# 2 Blackhawks down



## RandomElk16 (Sep 17, 2013)

Had a KSL alert this morning about it. Pretty crazy!









2 National Guard Black Hawk helicopters crash in American Fork Canyon


Two Utah National Guard Black Hawk helicopters crashed following an incident in American Fork Canyon early Tuesday.




www.fox13now.com


----------



## Critter (Mar 20, 2010)




----------



## middlefork (Nov 2, 2008)

Sounds like everybody got out ok. Glad to hear.


----------



## backcountry (May 19, 2016)

Wow. So glad they survived.


----------



## DallanC (Jan 13, 2009)

Last time I drove to the top of Mineral Basin was 1988. Road wasn't too bad, the ole CJ-7 walked up there like it was nothing.

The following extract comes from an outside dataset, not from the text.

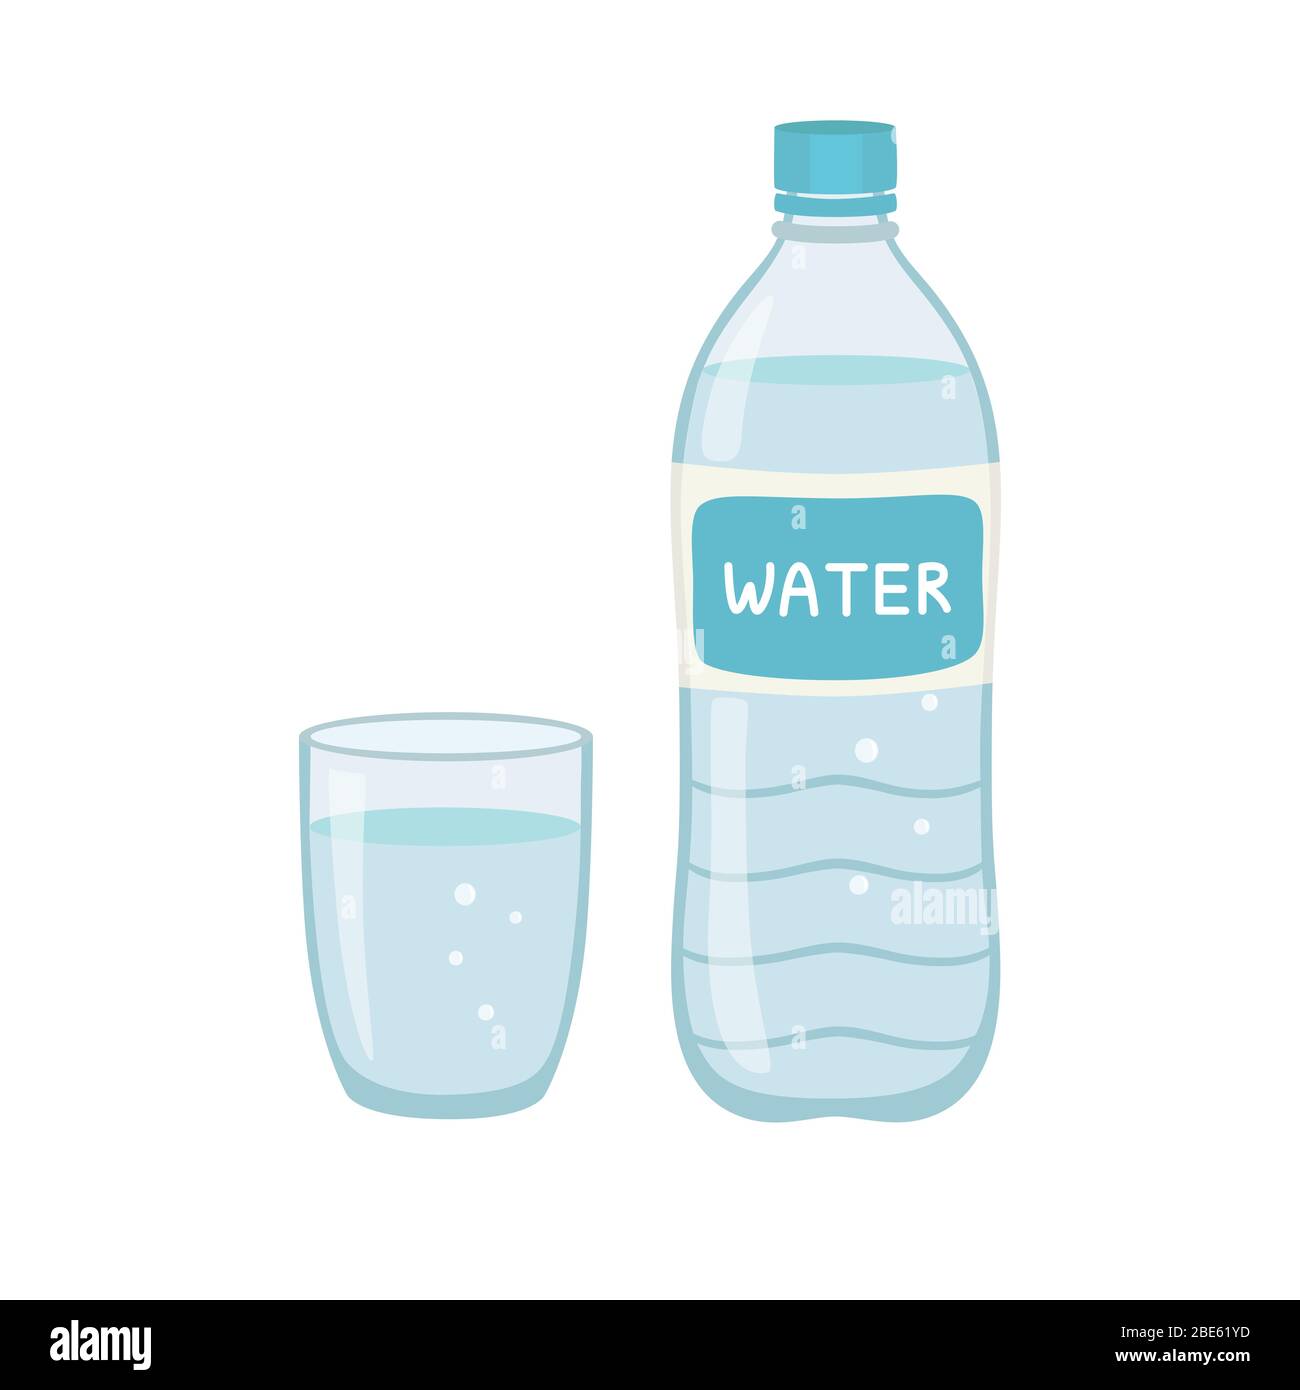 https://c8.alamy.com/comp/2BE61YD/bottle-water-natural-and-glass-vector-illustration-isolated-on-white-background-2BE61YD.jpg

This was long before Snowbird defiled that beautiful area with ski lifts and granola bar wrappers. 

Anywho, this past summer I took the family on a drive up there. I was blown away by how bad the road had gotten, full lockers front and rear in the jeep and crawling up some pretty nasty obstacles. We made it up 2/3 of the way before turning around and heading back down. I like to drive up rough roads... but the older I get the less I like to fix broken crap. Heh... 

Its a beautiful area for sure.

-DallanC


----------